** Opening Given data block **

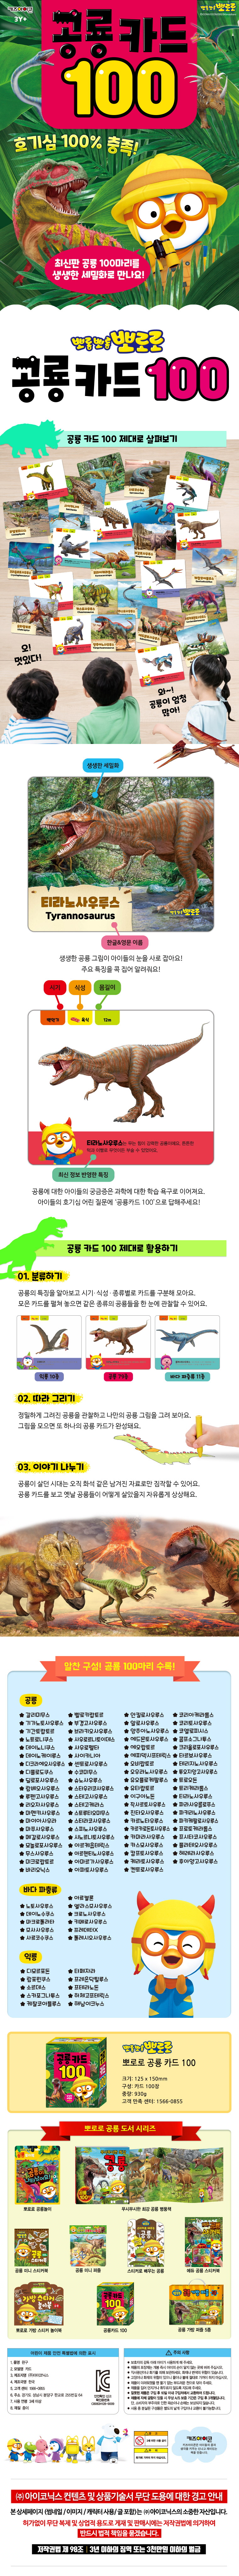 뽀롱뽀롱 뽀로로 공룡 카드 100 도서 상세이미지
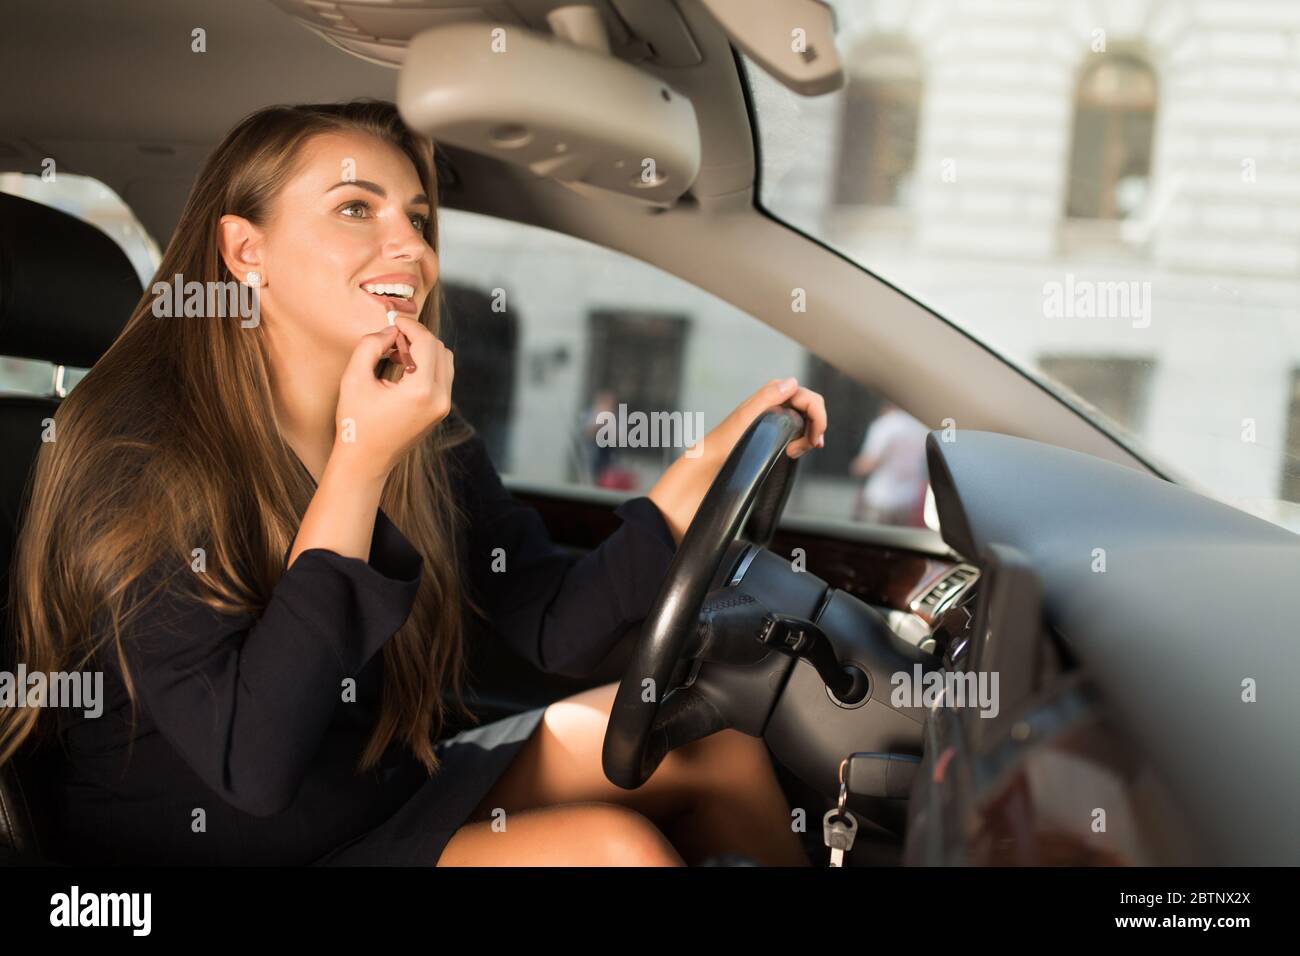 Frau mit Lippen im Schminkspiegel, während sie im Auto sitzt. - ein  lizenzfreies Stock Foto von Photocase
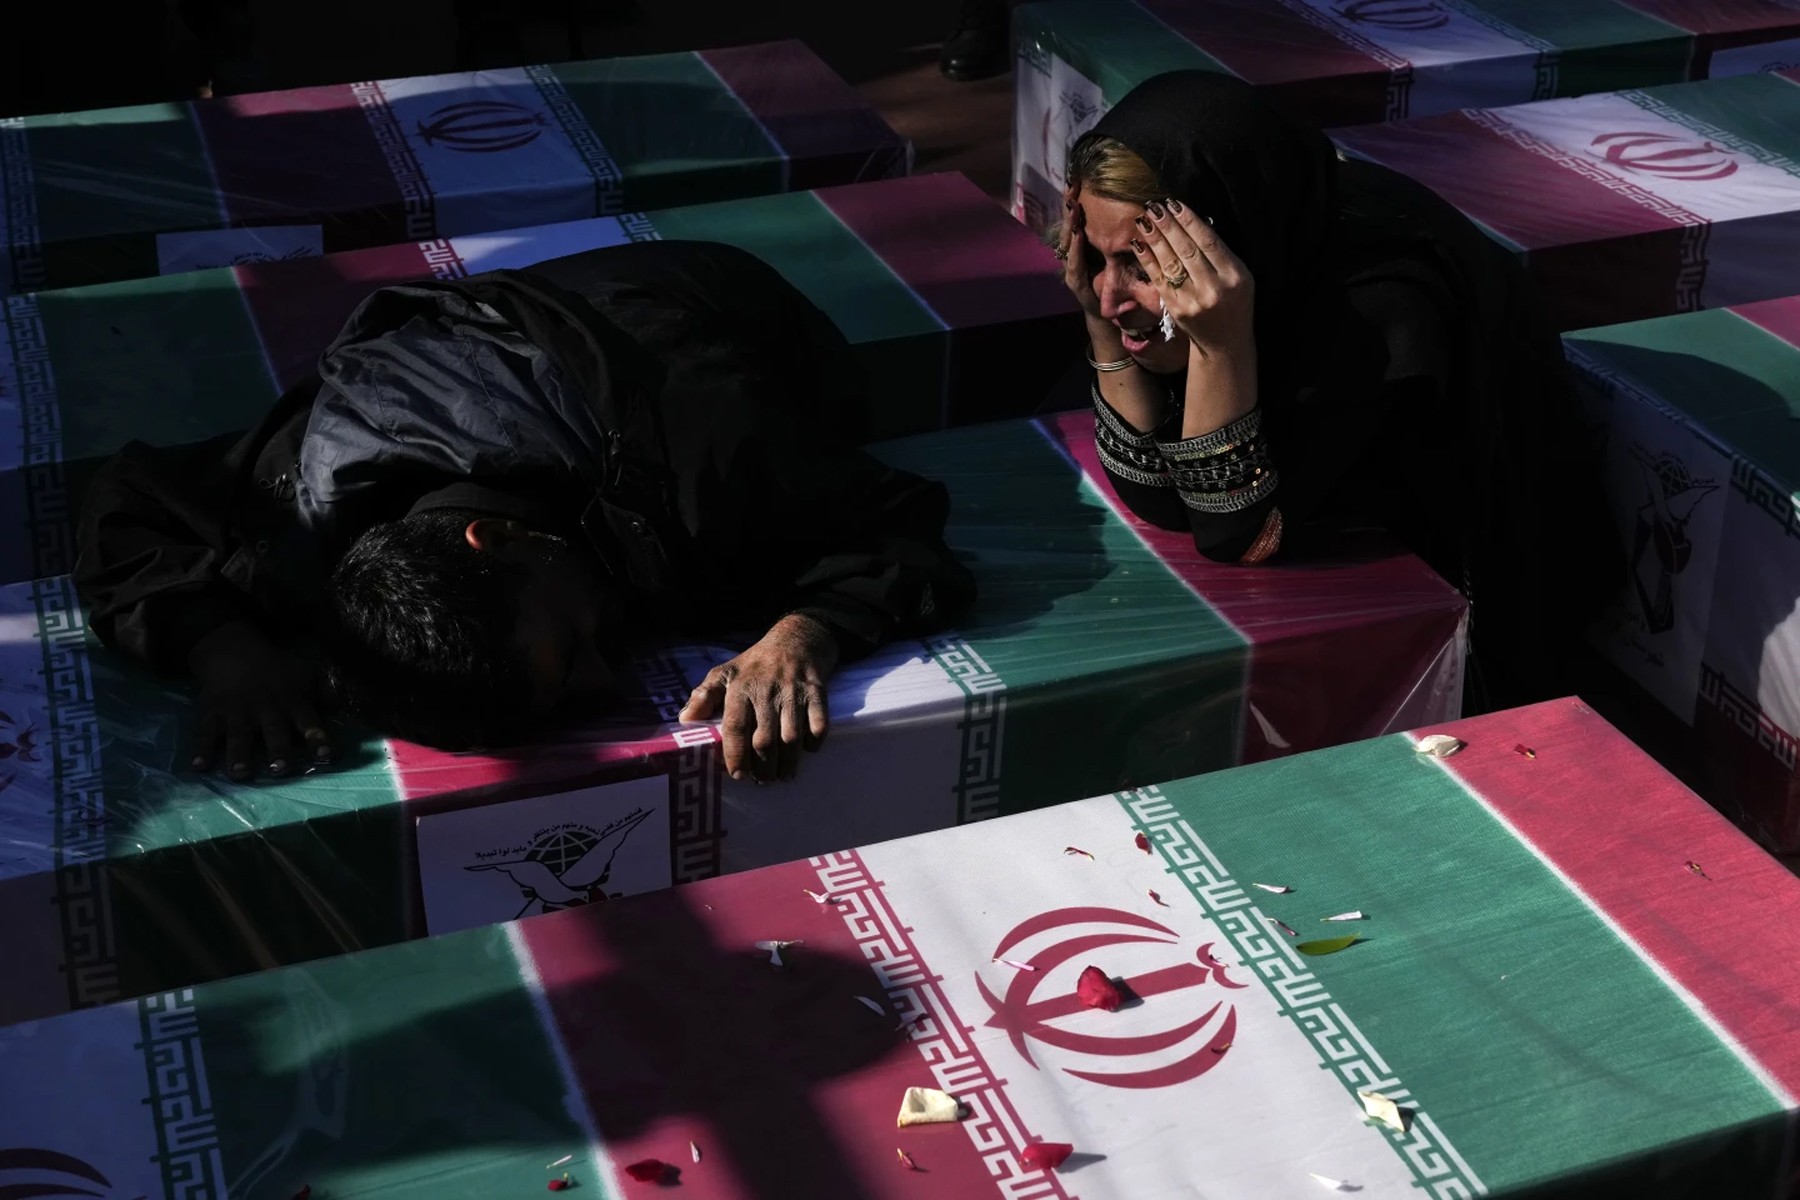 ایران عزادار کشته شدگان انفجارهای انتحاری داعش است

** Closing Given data block **

> **Activity**
Once the pictures are set aside, give the listing again word for word.

> **The completed task**
 뽀롱뽀롱 뽀로로 공룡 카드 100 도서 상세이미지
 Frau mit Lippen im Schminkspiegel, während sie im Auto sitzt. - ein  lizenzfreies Stock Foto von Photocase
 ایران عزادار کشته شدگان انفجارهای انتحاری داعش است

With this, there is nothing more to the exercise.